Computational and combinatorial design of protein-based inhibitors of human tyrosyl-DNA phosphodiesterase

Computer programs emulating protein-protein interactions were implemented to design novel protein inhibitors (designer proteins) of human tyrosyl-DNA phosphodiesterase (Tdp1, target protein). In the first of two calculations, the Geometric Recognition Algorithm was used to find orientations of high surface complementarity between designer and target proteins. In the second calculation, protein design algorithms were used to computationally mutate specific positions within the designer protein at the interfacial boundary such that protein-protein interactions were optimized. Molecular biology tools were used to physically generate target and designer proteins and test their specific binding properties. Phage display methods were also used to select improved designer proteins with higher binding affinity. Computationally-generated variants had increased binding affinity to the target compared to the wild type parent designer protein.
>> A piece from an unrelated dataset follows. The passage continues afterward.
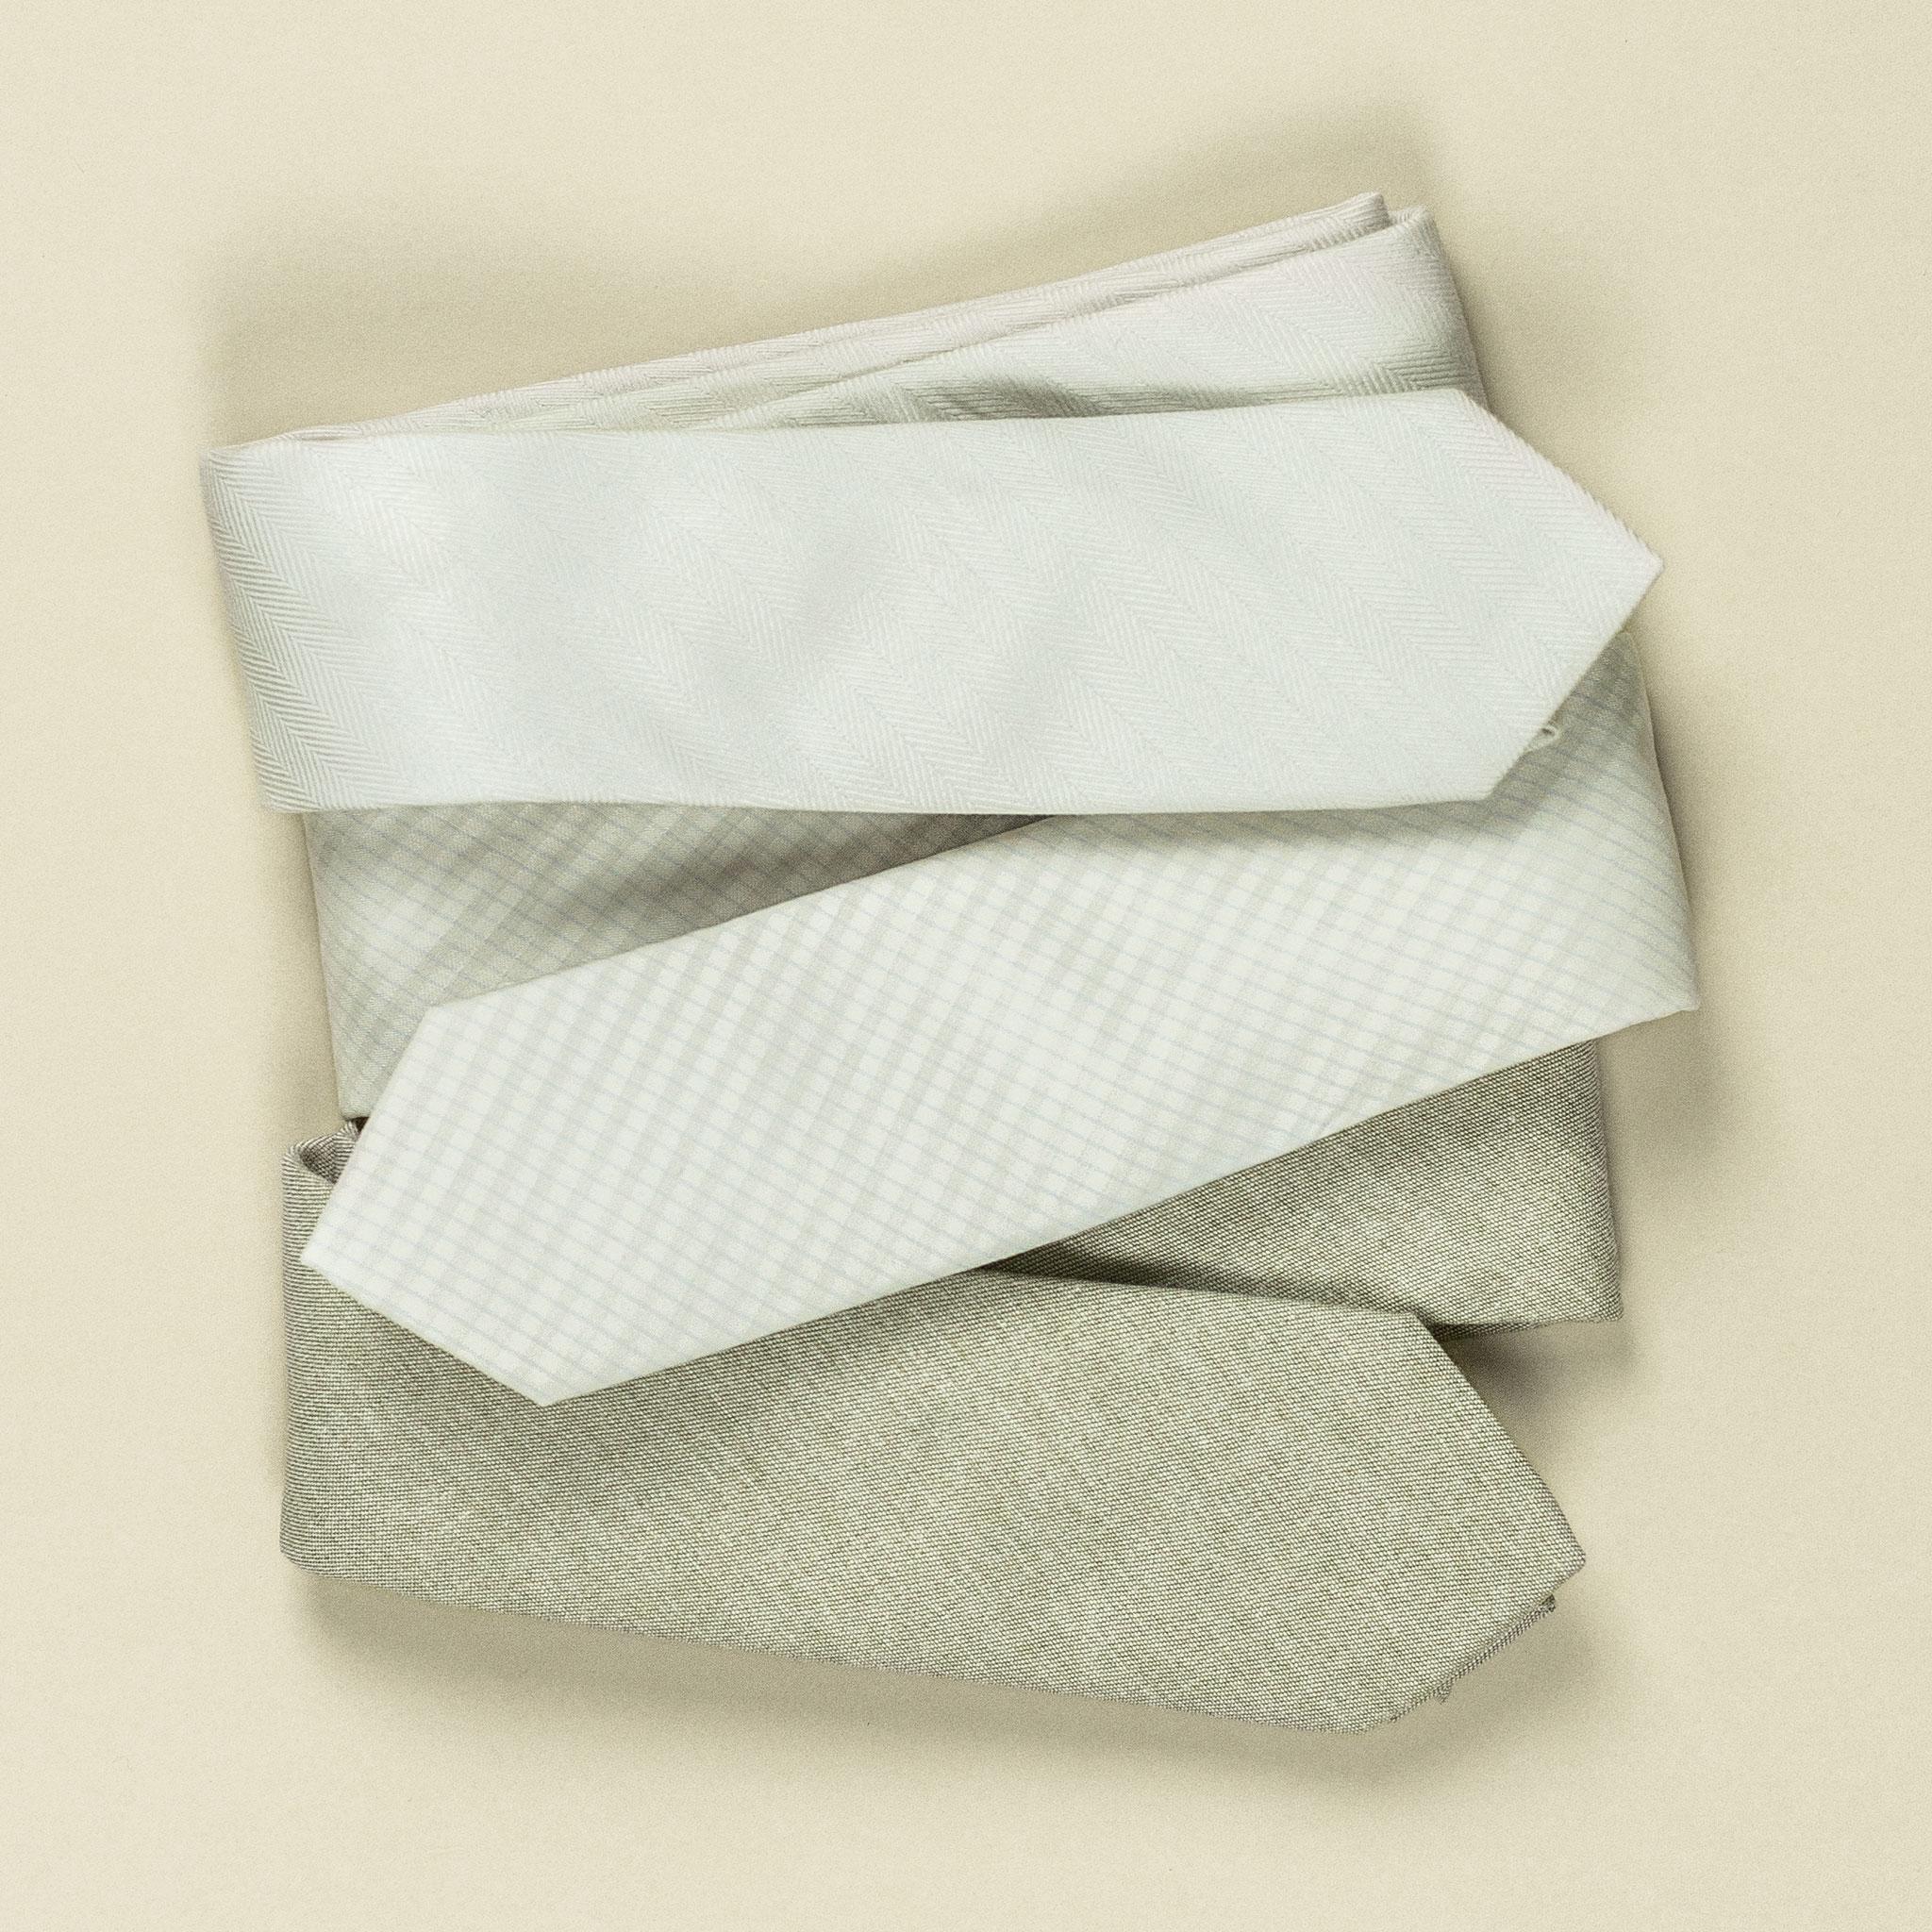 gravatas em tons pastéis

A phage variant had increased binding affinity to the target compared to the computationally-generated parent.; Designer proteins were computationally docked to the target protein such that their positioning would prevent the target from association with its substrate. Therefore, designer proteins were tested for their inhibitory properties by applying them to a tyrosyl-DNA phosphodiesterase catalytic activity assay. Inhibition was not observed. However, tyrosyl-DNA phosphodiesterase processes the in vitro substrate utilized in a diffusion-limited manner, which renders any findings herein inconclusive.; This project was a test of computer-assisted protein design methods and allowed for a comparison of the relative merits of rational and combinatorial protein design techniques. The methods described in this work are intended as a first round of rational and combinatorial design. Designed protein variants with improved binding properties can be used as input to a second round of computational design. Methods can be refined and repeated in an iterative process, each iteration producing a protein variant with improved binding characteristics.